» Data extract:
◆ ◆ ◆ ◆ ◆

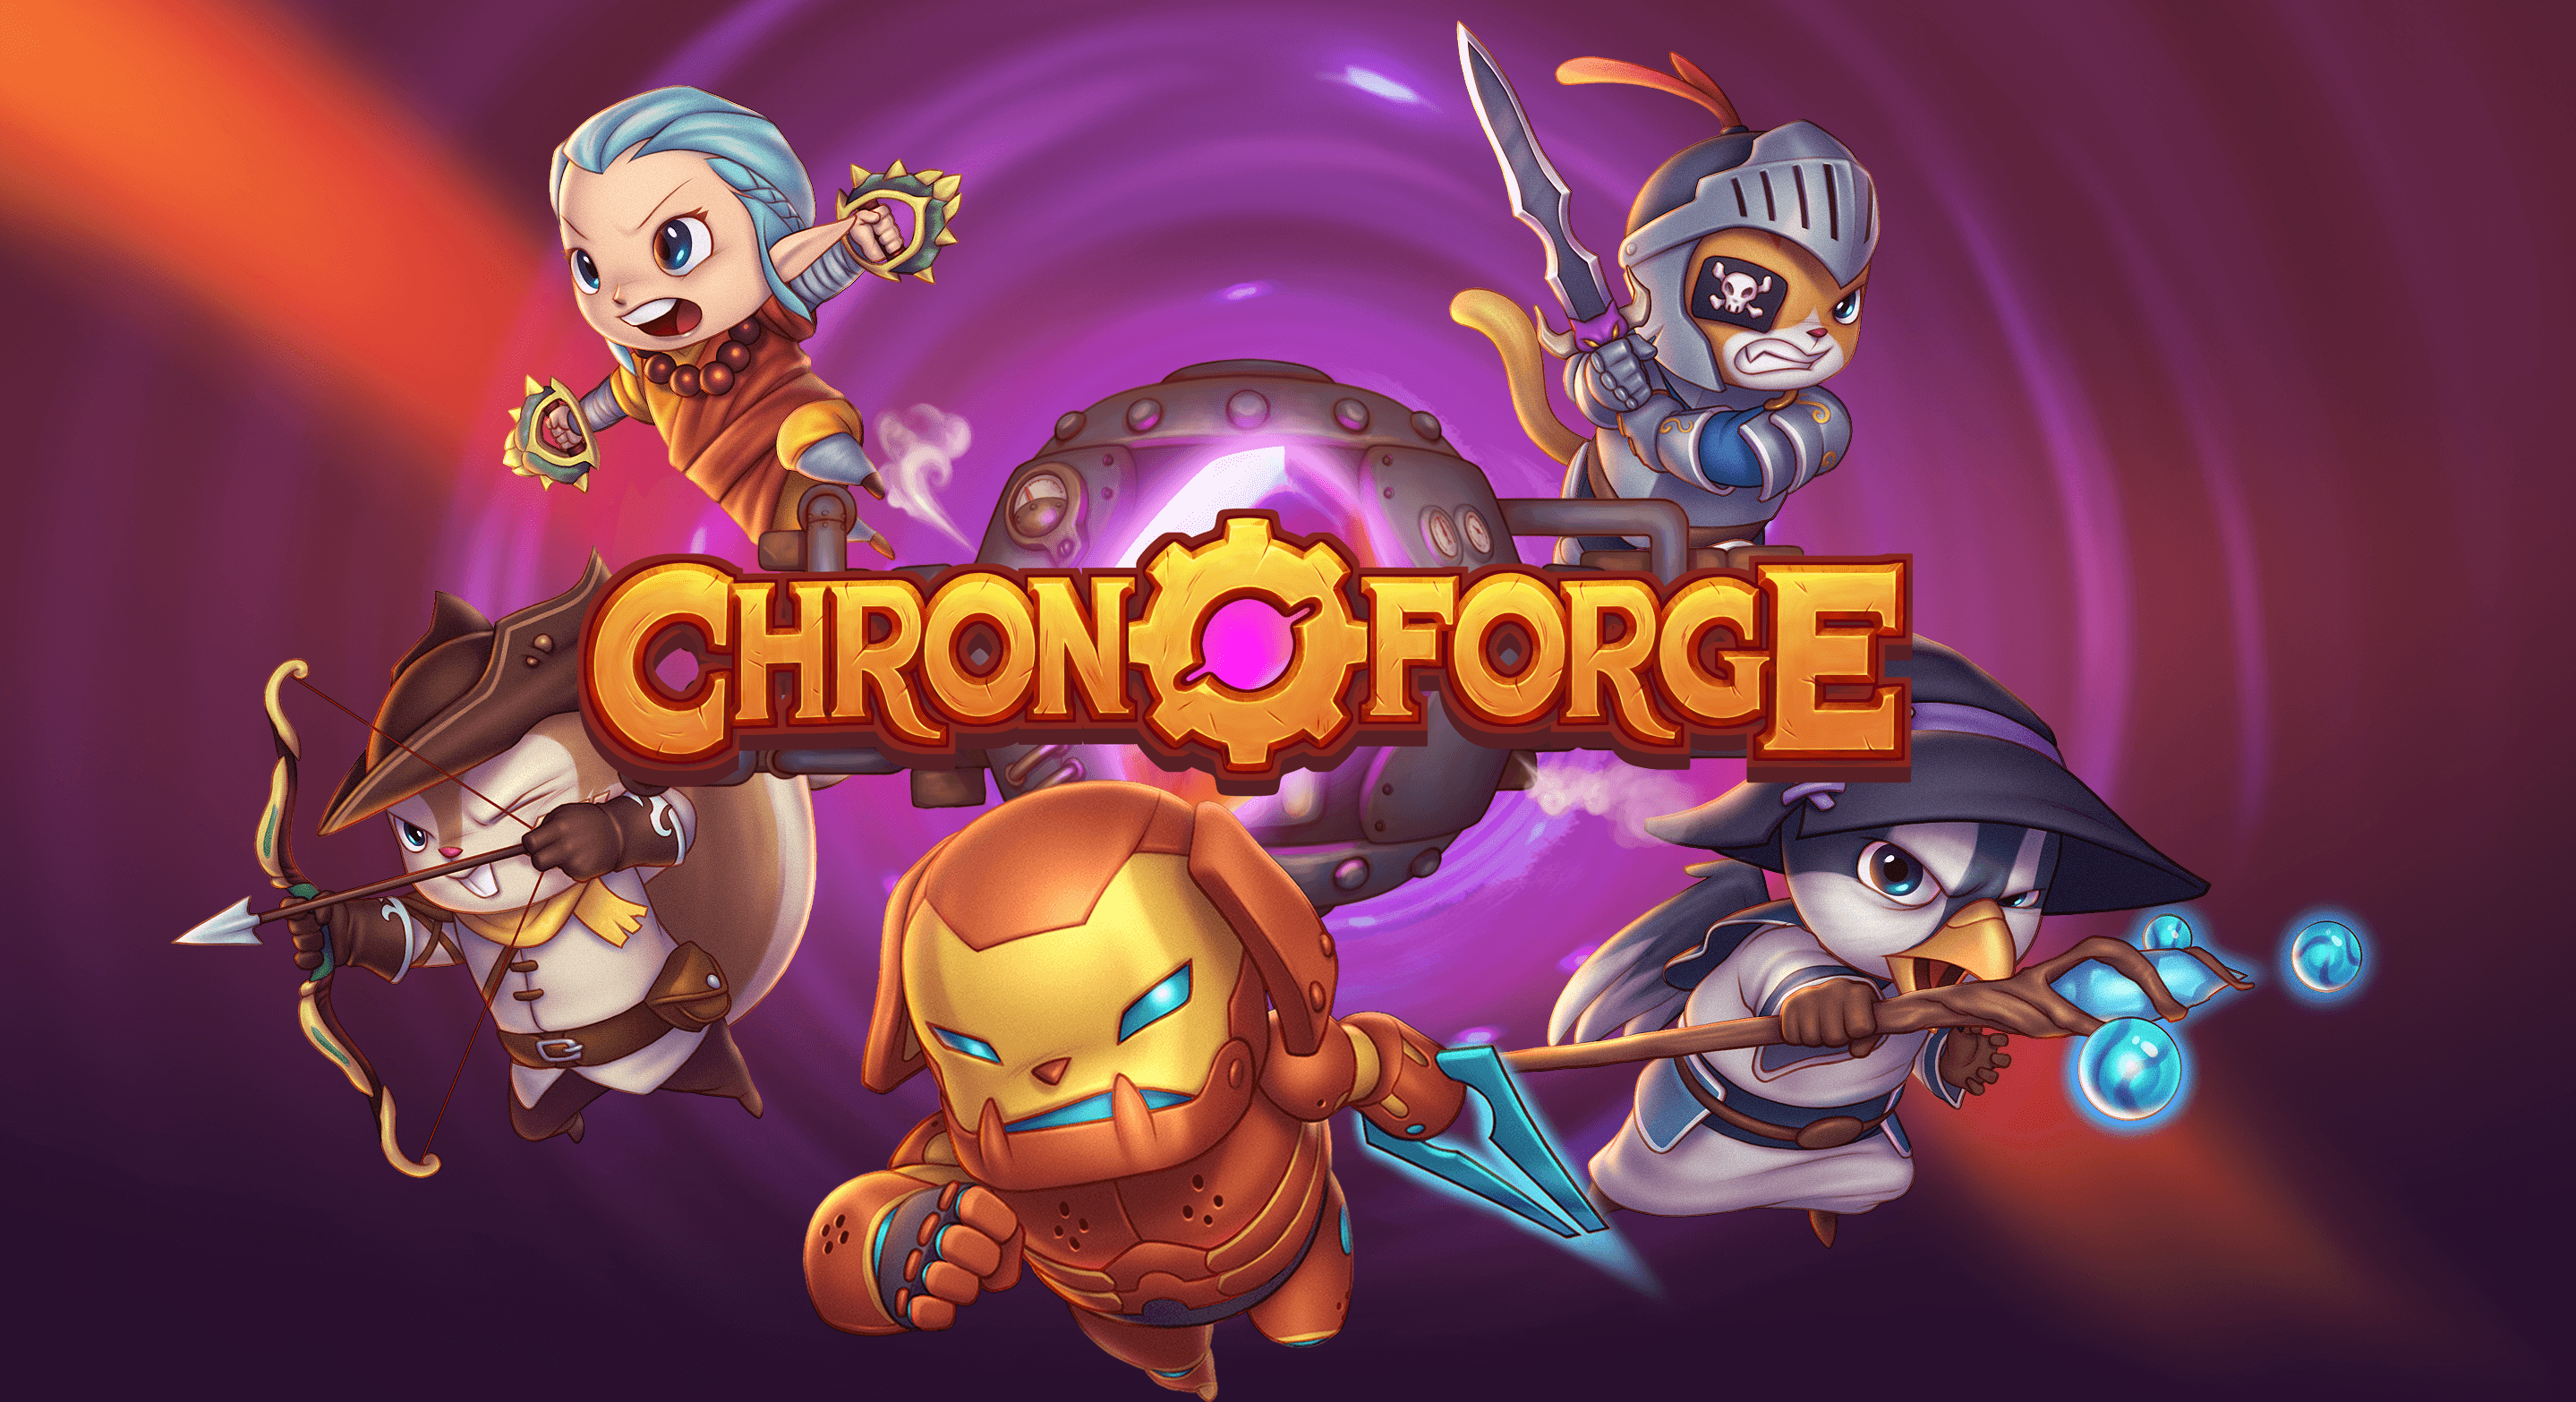 ChronoForge
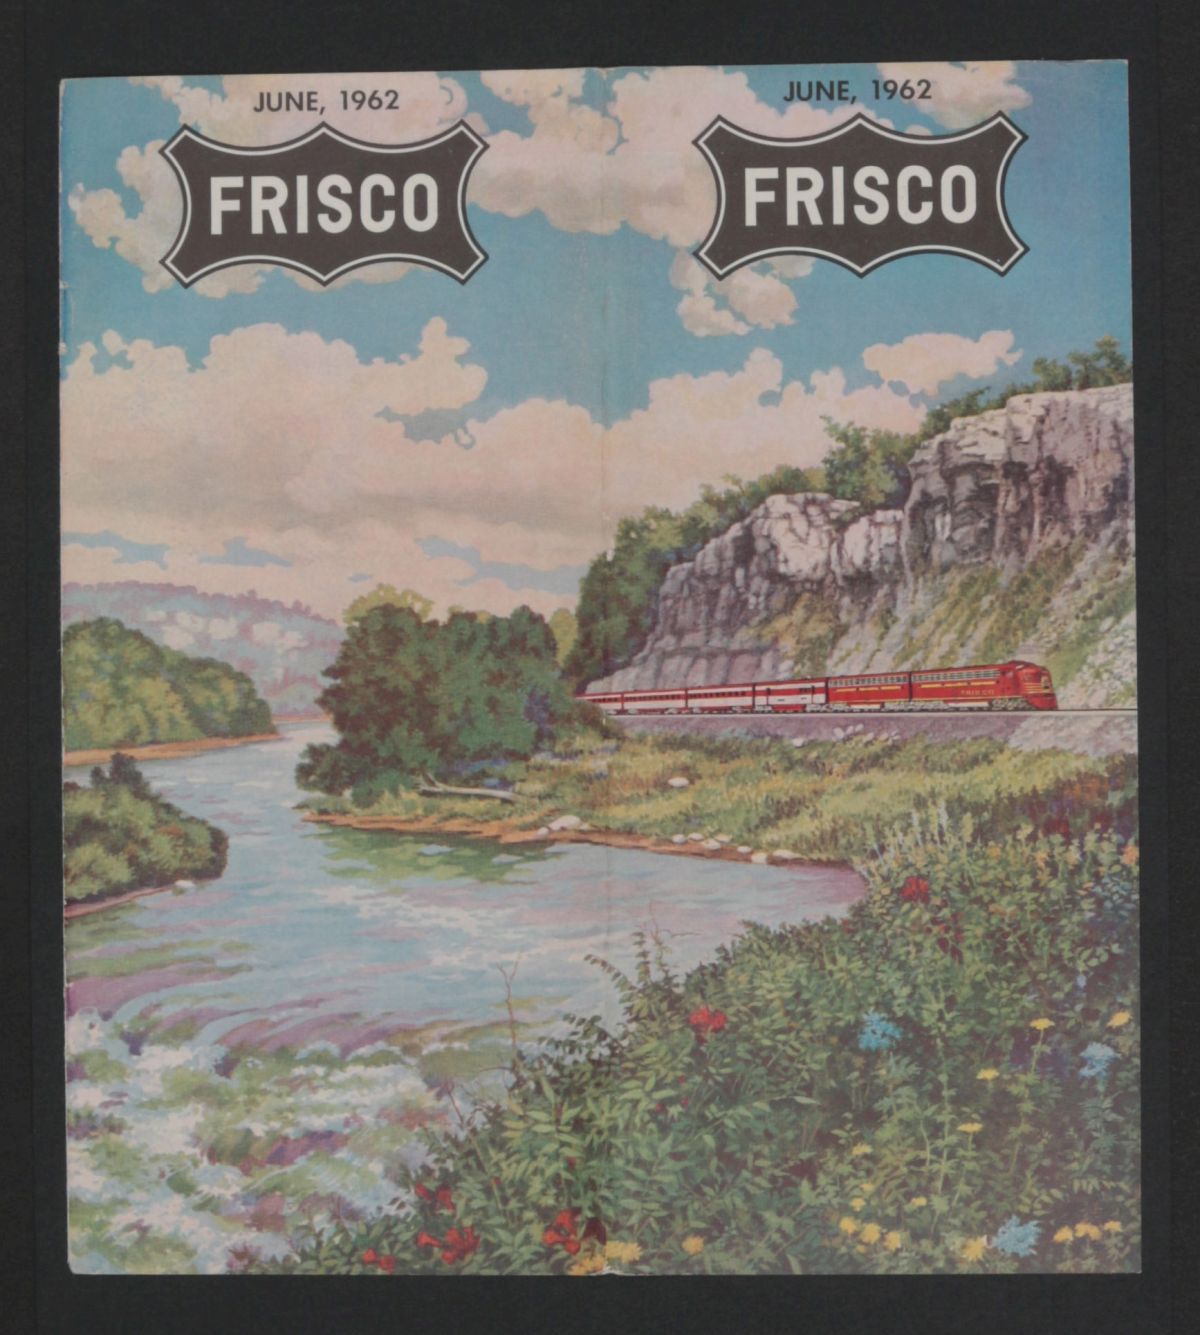 FRISCO EMD TRADE CARDS, BLOTTER AND OTHER EPHEMERA
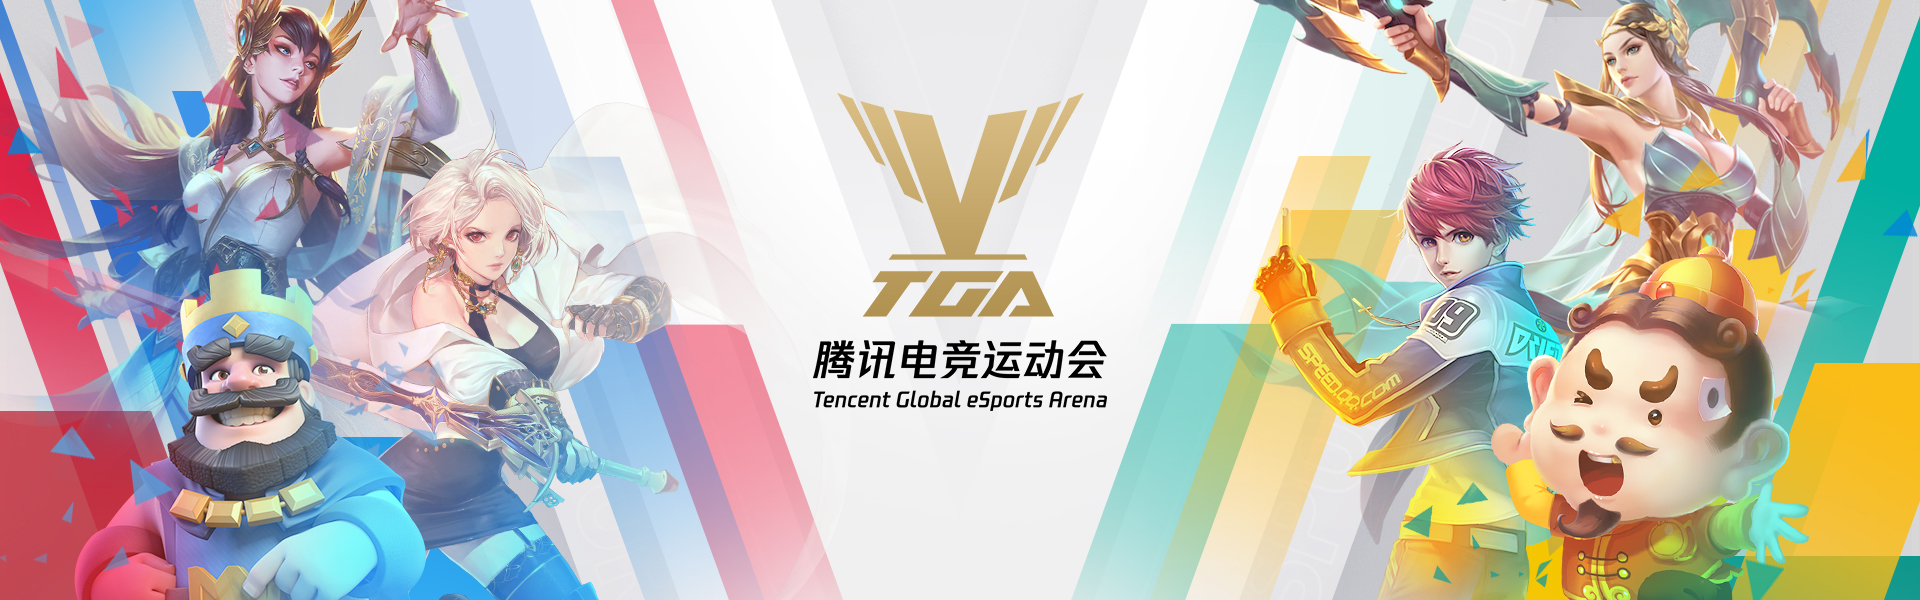 TGA腾讯电竞运动会落地杭州 七大赛事接力登场

◆ ◆ ◆ ◆ ◆

» What to work on: Repeat the data exactly. Pictures should not appear.

» Answer to the problem:
 ChronoForge
 FRISCO EMD TRADE CARDS, BLOTTER AND OTHER EPHEMERA
 TGA腾讯电竞运动会落地杭州 七大赛事接力登场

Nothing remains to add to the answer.